And so she began again on the familiar round of questions. There had to be an answer hiding somewhere – some suspicion that if grabbed and articulated would incriminate the killer of Nancy Clark. She, Simmy, must know something without realising she knew it. She must have heard or seen some snippet of evidence, which somebody could not afford to let her pass on. And it could only have to do with Mrs Joseph’s flowers, or the people in the café, or the car on the ice in Troutbeck. And all those instances included one person, and only one: the girl who called herself Candida Hawkins.
She thought again of
Melanie, who was much the same age as the suspicious individual, and who might have insights into her character. She would be more likely to spot signs of dishonesty and subterfuge, knowing the sort of language to employ and the minutiae of daily experience. Or would she? Melanie had a streetwise manner, but had seldom been beyond the borders of Cumbria. If Candida really did live in Liverpool, she would be far more sophisticated, with a very different set of skills and assumptions. She, Simmy, was probably being deplorably ageist, just to think there might be invisible similarities.
A nurse came in quickly, distractedly, holding a clipboard. ‘It’s started!’ she announced. ‘Hours before they said it would.’
‘What has?’
‘The snow. We’ll have to try and contact your people and get them to come for you.
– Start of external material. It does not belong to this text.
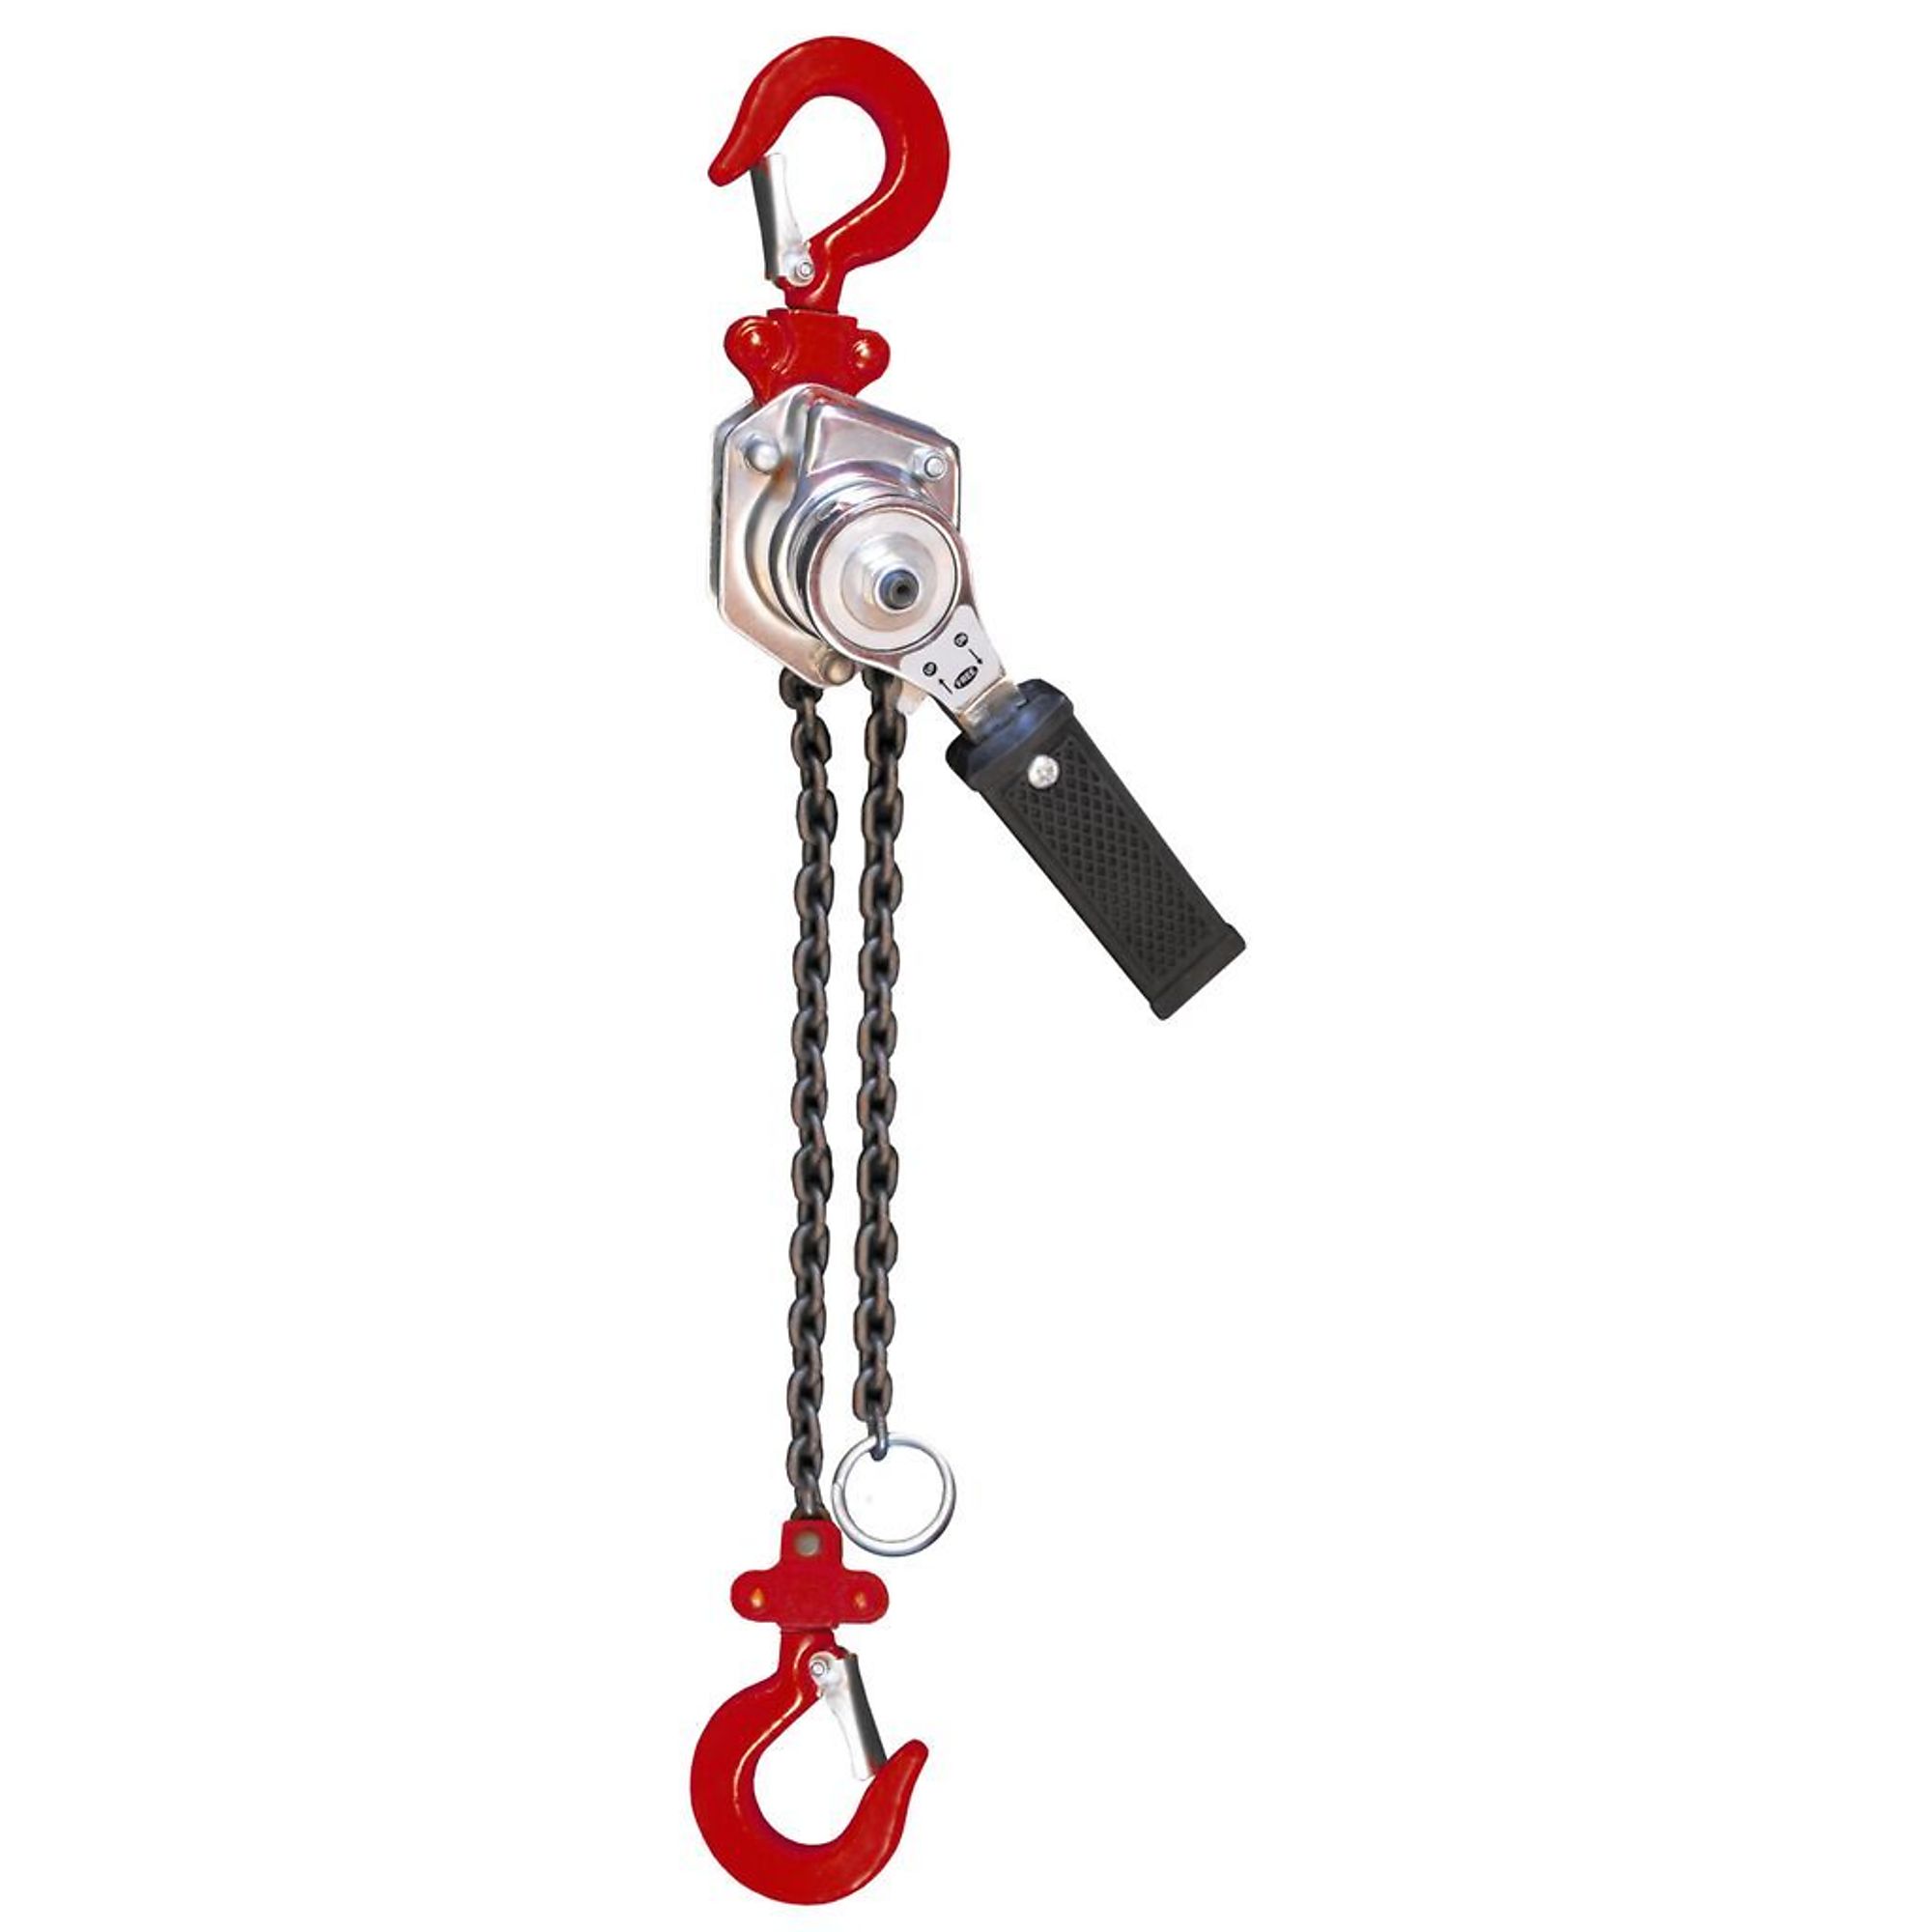 American Power Pull, .25 ton chain puller, Power Source Manual Lever, Capacity 500 lb, Lift Height 5 ft, Model 602

We’ve got staff who live up on the fells – they’ll be wanting to go home early.’ She was frowning, doing mental calculations, eyeing the still-empty bed in the ward.
‘Is that allowed?’
‘Not really, but we’ve got a system, based on where people live. Quite a few stay in Barrow overnight, instead of going home.’
‘How bad is it?’
‘Not much so far. It’s supposed to really get going this evening.’
‘Phone them, then. They won’t want to be out in the dark if there’s a blizzard.’
‘It won’t be dark for a while yet. And nobody said anything about a blizzard. It’s not windy. But yes, I will. Remind me where they live.’
‘Windermere. Forty minutes away, at least.’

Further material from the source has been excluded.